Fletcher Allen’s abortion policy was developed, approved, and has since been reviewed at the Board level. In order to be changed, the policy would need to be revisited by the Board based on a determination that the policy may no longer be adequate. Factors that would need to be considered would include community need, as well as the organization’s ability to respond to that need with appropriate, high-quality services. As was the case in 1984, a request from a community stakeholder could lead to such a review.
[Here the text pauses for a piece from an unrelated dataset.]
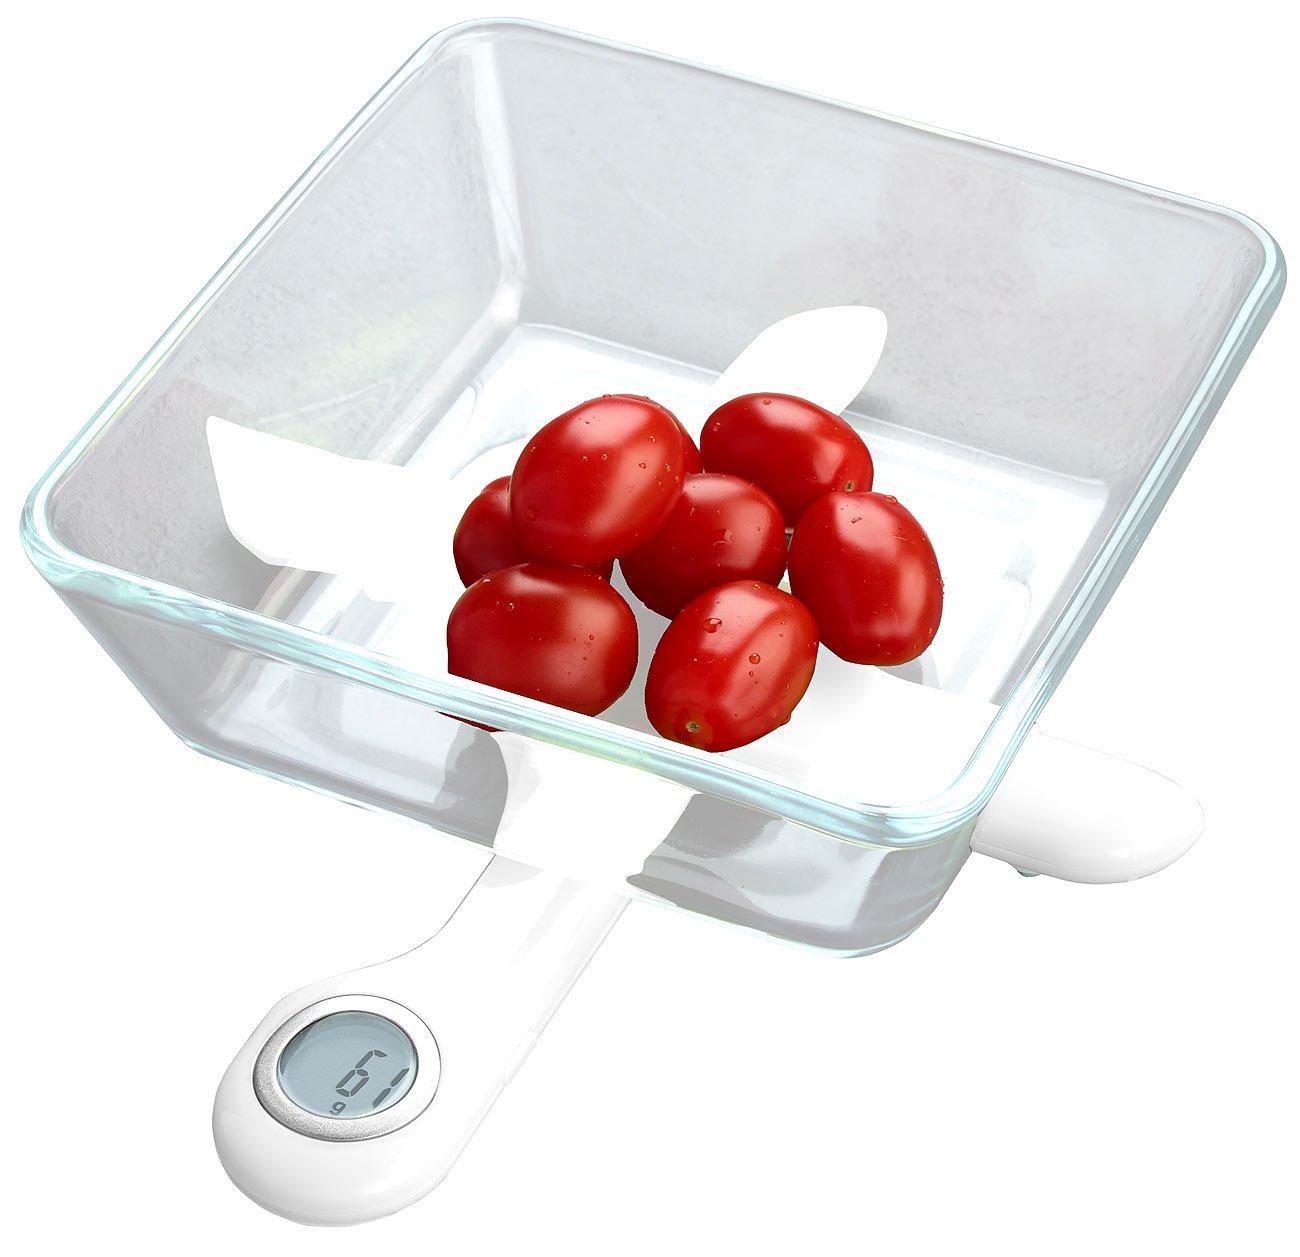 Rosenstein & Söhne - Báscula portátil: compacto digital Báscula de cocina en diseño plegable, hasta 5 kg, función de tara (Báscula de cocina plegable): ...

Vermont’s Abortion Laws – still on the books

Vt. Stat. Ann. tit. 13, § 101

Vermont has not repealed its pre-Roe abortion ban, which is unconstitutional and unenforceable. The ban provides that any person who willfully administers anything to a pregnant woman, or employs or causes to be employed any means with the intent to cause an abortion not necessary to preserve the woman’s life will be imprisoned from three to ten years.

Vt. Stat. Ann. tit. 13, § 104 (Last Amended 1981).

Any person who knowingly publishes any information about abortion services will be imprisoned for three to ten years, and any person who distributes anything for the purpose of causing abortion will be imprisoned from one to three years and fined from $200 to $500.

Legislative Declaration of the Vermont Legislature - H.R. 4, 2003-2003 Sess. (Vt. 2003); S.R. 8, 2003-2003 Sess. (Vt. 2003).

“[I]t is critical for the…personal health and happiness of American women, that the right of women…to make their own personal medical decisions about reproductive and gynecological issues be vigilantly preserved and protected…[T]his legislative body reaffirms the right of every Vermont woman to privacy, autonomy, and safety in making personal decisions regarding reproduction and family planning…”

Minors’ Rights

A minor’s rights in Vermont are the same regardless of whether she chooses to have

an abortion or carry the child to term. In Vermont, a minor 14 years old or older can petition the court for a guardian if she is having a dispute with her parents over her pregnancy.

  • If a minor is of childbearing age, she has the right to decide whether to abort her pregnancy or carry it to term.
  • Parents are not legally allowed to insist that a minor child give her baby up for adoption.
  • The Vermont Department of Social and Rehabilitative Services may become involved if the minor has been abused or neglected, or is unmanageable.